There are 2 disks containing / and SWAP partition.
# lsblk
NAME MAJ:MIN RM SIZE RO TYPE MOUNTPOINT
sda 8:0 0 136.8G 0 disk
├─sda1 8:1 0 130.4G 0 part
│ └─md0 9:0 0 130.3G 0 raid1 /
└─sda2 8:2 0 6.4G 0 part
└─md1 9:1 0 6.4G 0 raid1 [SWAP]
sdd 8:48 0 136.8G 0 disk
├─sdd1 8:49 0 130.4G 0 part
│ └─md0 9:0 0 130.3G 0 raid1 /
└─sdd2 8:50 0 6.4G 0 part
└─md1 9:1 0 6.4G 0 raid1 [SWAP]
One disk started to act strange, utilization spiked and latency began to increase. After some investigation one thing stood out, that disk had continuously increasing Non-medium error count, by hundreds a minute. General opinion on the internet is that if that number continues to grow start looking for a replacement disk. Usually people get few hundreds of those, but we were getting those numbers per minute and we got to millions range.
# smartctl --all /dev/sdd | grep "Non-medium error count"
Non-medium error count: 7564451
Compare that to another disk, and you will see the difference.
# smartctl --all /dev/sda | grep "Non-medium error count"
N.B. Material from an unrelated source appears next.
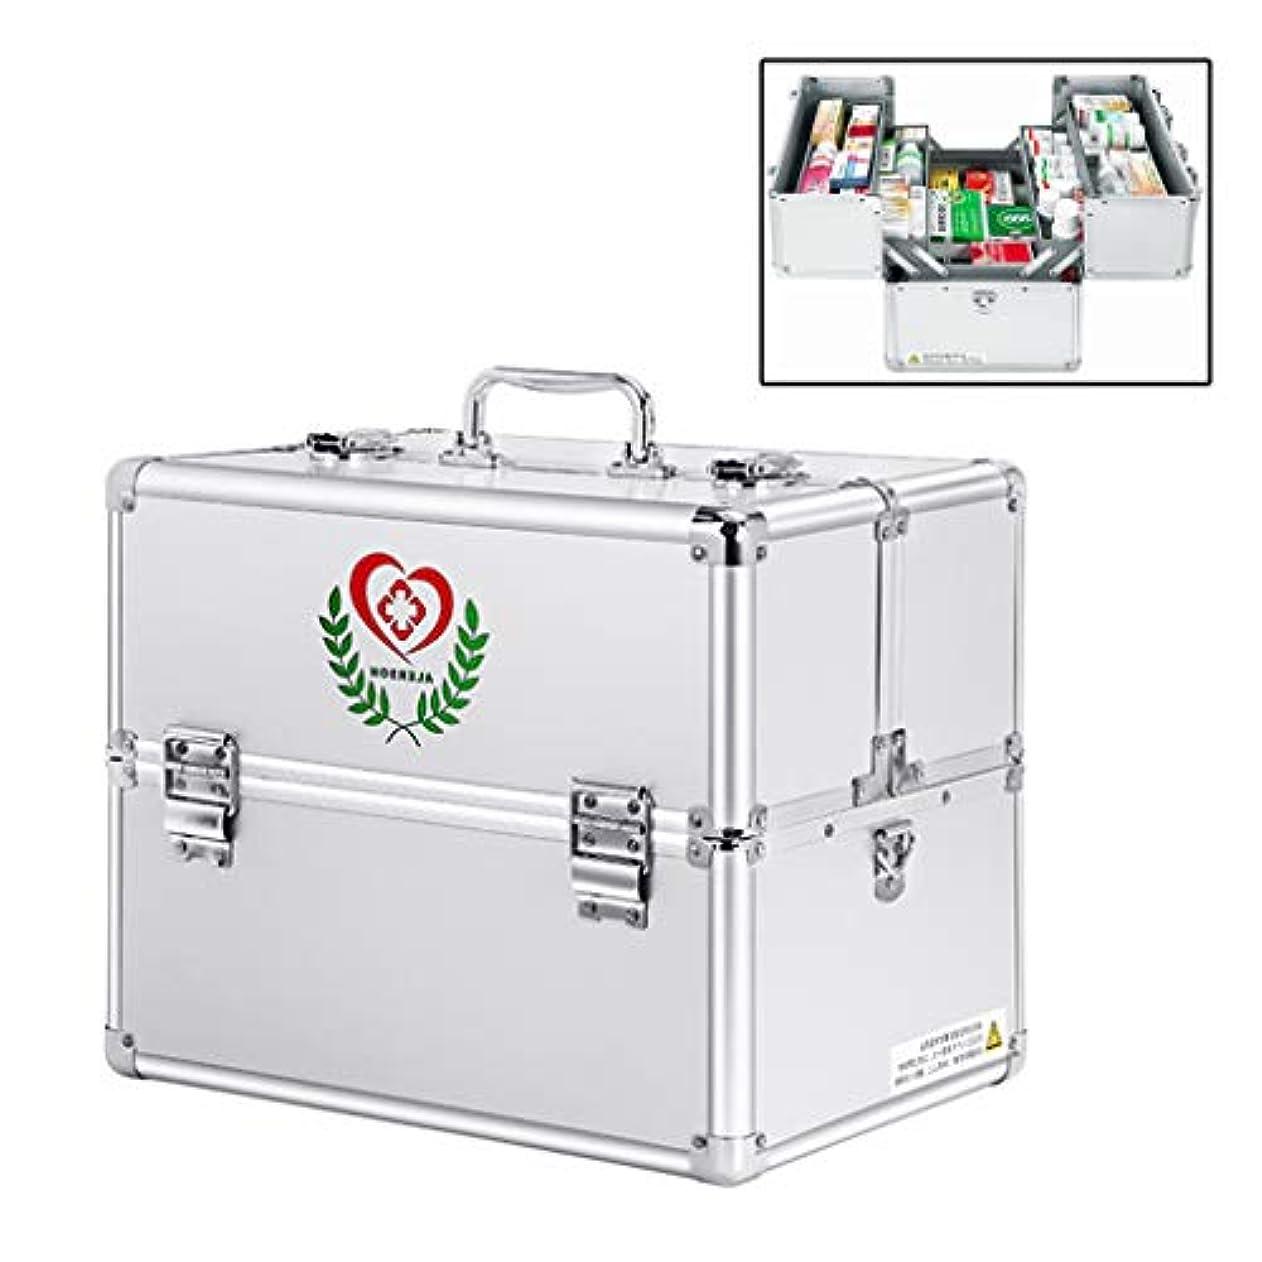 構想するほこりマインドフル救急箱ロック可能な救急箱セキュリティロック薬収納ボックス、ポータブルハンドルと3層収納薬箱-アルミニウム(シルバー/ピンク)

Non-medium error count: 35
Mark the disk as failed.
# mdadm --manage /dev/md0 --fail /dev/sdd1
# mdadm --manage /dev/md1 --fail /dev/sdd2
Remove disk from configuration.
# mdadm --manage /dev/md0 --remove /dev/sdd1
# mdadm --manage /dev/md1 --remove /dev/sdd2
To be sure that we get the right disk out we need to locate it. Turn the led on, and off after we locate the drive.
# ledctl locate=/dev/sdd
# ledctl locate_off=/dev/sdd
Remove physical disk and replace it with the new one. Check lsblk to see new disk.
# lsblk
NAME MAJ:MIN RM SIZE RO TYPE MOUNTPOINT
sda 8:0 0 136.8G 0 disk
├─sda1 8:1 0 130.4G 0 part
│ └─md0 9:0 0 130.3G 0 raid1 /
└─sda2 8:2 0 6.4G 0 part
└─md1 9:1 0 6.4G 0 raid1 [SWAP]
sdd 8:48 0 136.8G 0 disk
Copy partition table from sda to sdd
# sfdisk -d /dev/sda | sfdisk /dev/sdd
Partition table is copied to the new disk.
# lsblk
NAME MAJ:MIN RM SIZE RO TYPE MOUNTPOINT
sda 8:0 0 136.8G 0 disk
├─sda1 8:1 0 130.4G 0 part
│ └─md0 9:0 0 130.3G 0 raid1 /
└─sda2 8:2 0 6.4G 0 part
└─md1 9:1 0 6.4G 0 raid1 [SWAP]
sdd 8:48 0 136.8G 0 disk
├─sdd1 8:49 0 130.4G 0 part
└─sdd2 8:50 0 6.4G 0 part
Add new disk to raid arrays, first SWAP because it’s smaller an it will rebuild quickly.
# mdadm --manage /dev/md1 --add /dev/sdd2
After that add / and let it rebuild while you finish rest of the checkups.
# mdadm --manage /dev/md0 --add /dev/sdd1
We can see the final state is the same as when we started.
# lsblk
NAME MAJ:MIN RM SIZE RO TYPE MOUNTPOINT
sda 8:0 0 136.8G 0 disk
├─sda1 8:1 0 130.4G 0 part
│ └─md0 9:0 0 130.3G 0 raid1 /
└─sda2 8:2 0 6.4G 0 part
└─md1 9:1 0 6.4G 0 raid1 [SWAP]
sdd 8:48 0 136.8G 0 disk
├─sdd1 8:49 0 130.4G 0 part
│ └─md0 9:0 0 130.3G 0 raid1 /
└─sdd2 8:50 0 6.4G 0 part
└─md1 9:1 0 6.4G 0 raid1 [SWAP]
Difference is that we now have functioning disk with the same utilizationa and latency as sda, and no increase in Non-medium error count.
All this was done with zero downtime, because all the disks were in hot-swap drive bays. If the disk failed totally server would still run fine because SWAP was on raid1, which was intended configuration here.